At a growing number of repair cafés across the country, skilled volunteers are fixing people's personal possessions for free. Express writer JANE WARREN, who visited one hub in the hope of saving her kitchen scales and rice cooker, discovers how they've also become a haven for communities

IT BEGINS with a donkey with a move-able head. A small red toy, its head reattached for the umpteenth time, wobbling sweetly on its delicate plastic neck as though dazed from its many surgical interventions. When I first see it, cradled in the hands of its delighted, elderly owner, I realise that this is far more than a queue of broken household items waiting their turn on the workbench.

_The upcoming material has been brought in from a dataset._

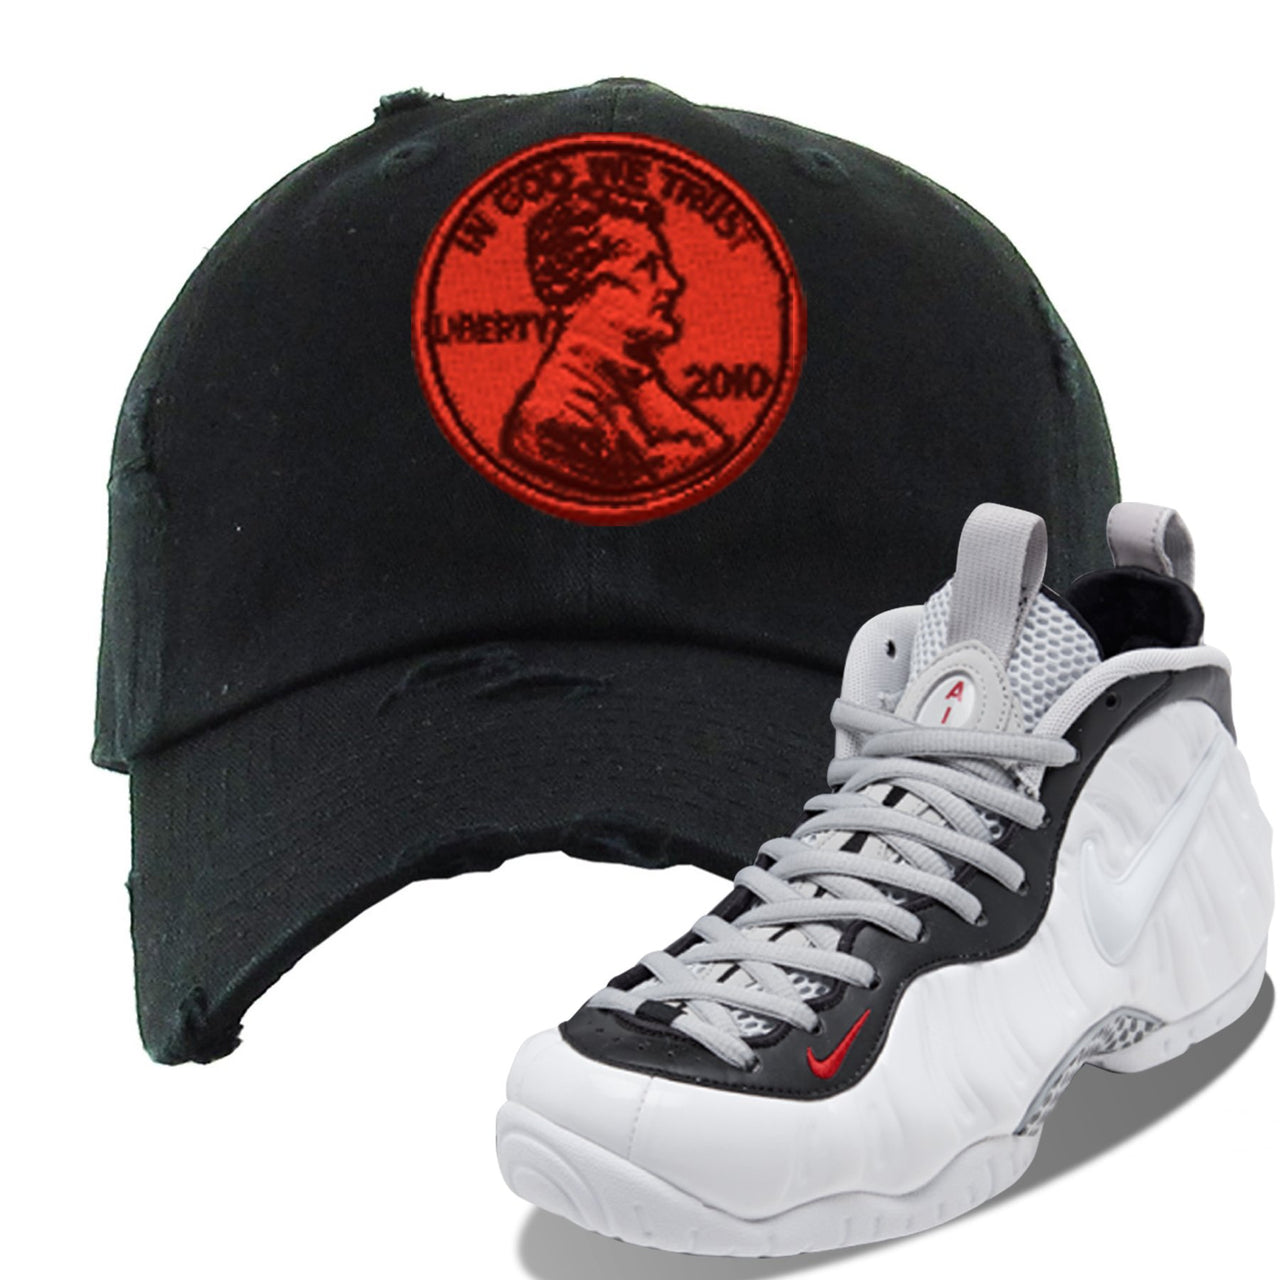 Foamposite Pro White Black University Red Sneaker Black Distressed Dad Hat | Hat to match Nike Air Foamposite Pro White Black University Red Shoes | Penny

In this hall on a rainy Tuesday afternoon in Shipley, West Sussex, the monthly repair café is not just about screws, glue and sharpening blades. Here, broken memories find a new shape, too, restored amid conversation and companionship.

The little donkey has been owned by Madeleine Woods, 82, since she was four years old, having been given it on a rain-lashed caravan holiday in Cornwall while her sister was handed a matching toy parrot. The donkey had survived marriage, motherhood and the generations that followed. Only when Madeleine’s granddaughter pulled its head off had it finally succumbed.

‘And yet, after eight long months and hours of patient tinkering by volunteer Rob Blackburn — who tried more glues than most DIY fiddlers dare to imagine exist — here it was, upright and whole and wobbling delightfully once more.

Madeleine, who strokes it lovingly as if it were an adored pet, says: “I was quite resigned to never seeing it again. Rob even lost it for a bit!

“But he’s done ever so well. I’m going to keep it on a high shelf now.”

It is lovely to watch her delight at how this once trivial plastic toy has been transformed into an emblem of resilience.

“It’s made of vintage plastic,” said Rob of his longest ever repair. “One of the reasons I have so many glues is that it took five different types before I found the right solution. Madeleine has been back three times to check on its progress.”